So if you're new to Connect, Connect is an enterprise publishing platform for static and dynamic content that you're creating with R. So that can include documents, presentations, dashboards, and Shiny applications, and basically anything that you're producing in R. It is an on-premises application, so you run this on your own server behind a firewall if you want, and you're going to host it on your own equipment there. And the goal is really around sharing data science artifacts that you produced inside your organization.
So if this is new to you, I would recommend actually that you check out the introductory webinar that Bill referenced a moment ago. So we recorded this two weeks ago, the recording is available online, as are the slides. And I'd recommend that you start there because we're going to be building on some of the foundation that we laid a couple weeks ago. So if you are new to Connect, you might want to start there before you jump into some of these more advanced topics. But without any further ado, let's go ahead and dive into some of the content that we want to cover today.
So my goal for today is really just to give you pointers to the different tidbits that I think are important for you to know if you're going to be managing RStudio Connect in a production environment. And so I won't go into too much depth about a whole lot of these, but really I just kind of want to give you links and pointers to the different things that you might be interested in if you are responsible for managing a production environment with RStudio Connect. So pardon me if I'm kind of flying through some of these topics, but feel free to ask questions and we can come back and do a little more detail on some of these things later. Or just check out the links once we post them online and hopefully you can kind of find the information that you need there with the links that I provide.
So today I want to cover first of all user management, then secondly the management of resources on the server, and then lastly we'll talk a little bit about kind of the system management and system security implications for the server.
User management
So let's dive into user management to get started. So we covered this a bit last time so I won't belabor this, but we have three different user roles on the system. The first is an admin user who has all privileges on the server and they can access and kind of manage anything that they need to, but irregular actions are audited and I'll dive into what that means here in a moment. Below that there would be a publisher who's someone that can upload or publish content onto the server, and then lastly there's a viewer who's just a consumer of content and can't author content that gets executed on the server.

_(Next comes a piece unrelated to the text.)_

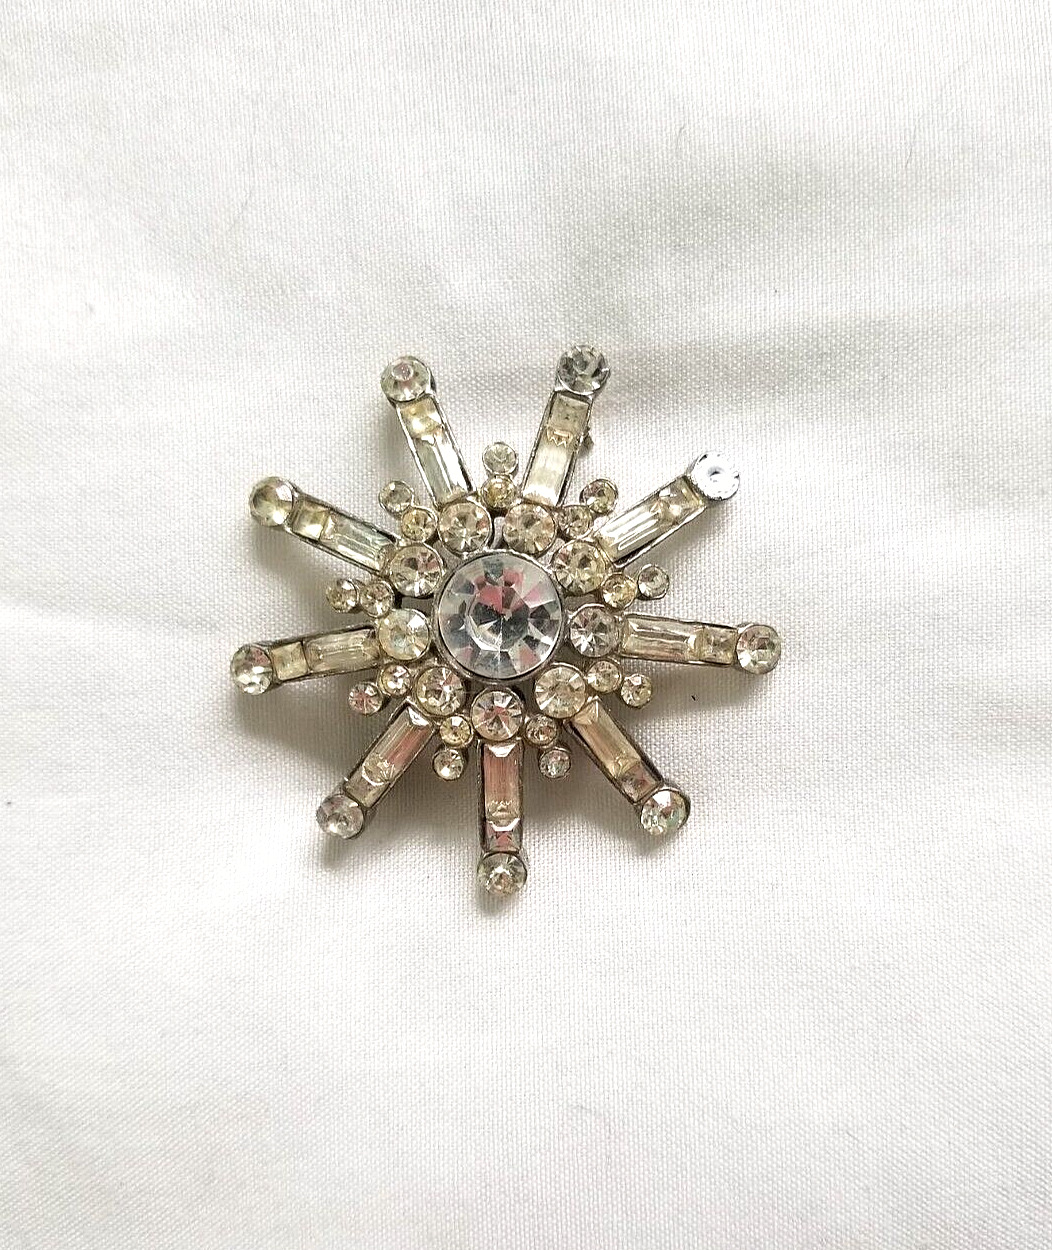 Large Vintage Star Flower Brooch Lapel Pin Silver-Tone Metal & Rhinestone 2 in

So let's talk a little bit about what the experience of a Connect administrator looks like. So first of all they have access to special admin only actions, and so for instance this includes the admin tab, so if you're an admin on the user you're able to access certain pages within the dashboard that other users aren't able to manage that shows you things like metrics, you're able to manage users and things like that, and then lastly you're able to customize some application settings that other users aren't able to. So you can define vanity URLs for an application, you can customize the run as argument for an application, and I'll show you what all this means here in just a moment.
But the trick is that you don't get everything for free as an admin, and so some of these things you're going to be able to just hop on and start changing. Other things you're going to actually have to go out of your way to explicitly grant yourself permission to things that you otherwise wouldn't have had permission to do. So let's, I think that's probably best covered by just an example, so let's look at an example of this.
So first of all this is me logged in as an admin user on Connect. And so you can see here that first of all I have this admin tab, and so that takes me first and foremost to this metrics page where I'm able to view information about the CPU and RAM usage across the server. I also have an audit logs page here where I can view kind of different changes that have been taking place on the server recently. And then lastly when I dive into particular content, even though this is not authored by me, this is authored by someone else and I don't have particular permissions on it, I am still able to go in and define custom settings for this content. So for instance here I can define a vanity URL.
Let's take a look at kind of a more rich document here. So in this case we have a schedule. I as an administrator, even though I don't have special privileges on this document, I can go in and customize the schedule for this content. I can define a vanity URL, change the run as user, etc. So I as an admin have free privileges to be able to do some of these things. However if you look at something like a document here that's private, so here I'm logged in as a different user, this is the publisher user, and you can see that I for this content here I've defined it to only be visible to myself. So this means that the admin user should not freely have access to this content. This is sensitive content that the admin shouldn't be able to see. And indeed if I go as the admin and I go to look at that content, this is the view that I get. So you can see that I'm still able to manage the settings for that content here, but I do not have free access to be able to view that content.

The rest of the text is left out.